Avoid real provider calls in tests.
Verification¶
After implementation:
gofmt -w <modified-go-files>
go mod tidy
go test ./...
Manual smoke tests:
keen run --format json "Say hello"
keen run "Inspect the repo and summarize it in one sentence"
keen run --session <session-id> "Now list the most relevant files you saw"
echo "Say hello from stdin" | keen run --format json
For OpenCode Go benchmark attribution, confirm the JSON output's opencode_session_id matches the session shown in the OpenCode web usage interface.

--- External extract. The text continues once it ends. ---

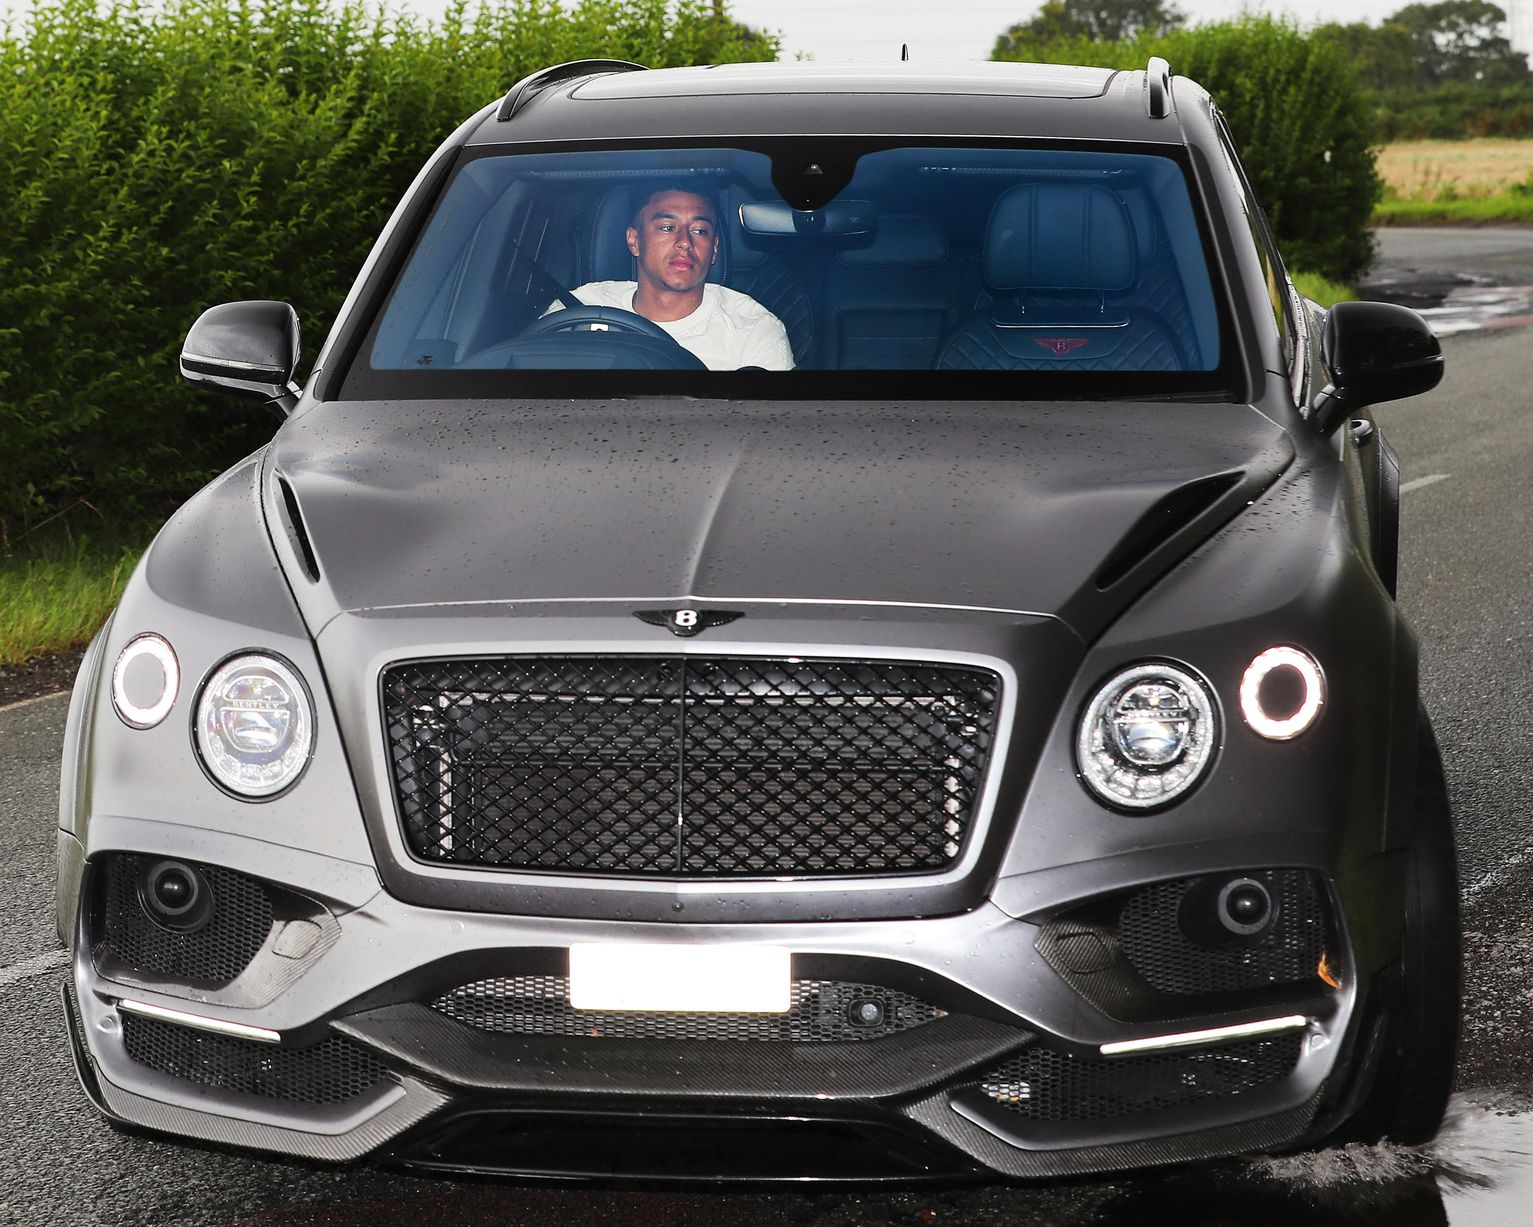 Alexis Sanchez arrives for Manchester United training as Inter Milan make transfer enquiry - Bóng Đá

Expected Minimal File Changes¶
Likely files:
internal/cli/cmd/root.go
internal/cli/repl/headless_run.go
internal/cli/repl/headless_run_test.go
internal/cli/cmd/root_test.go
Optional:
internal/cli/repl/stream_handler.go
Only add a Finish() helper if it materially simplifies the headless runner.
Why This Approach¶
This path keeps the benchmark command isolated and additive while still exercising the same context-management behavior as the REPL. It avoids brittle PTY automation, avoids broad refactors, and avoids turning keen run into a full product surface before the benchmark need is proven.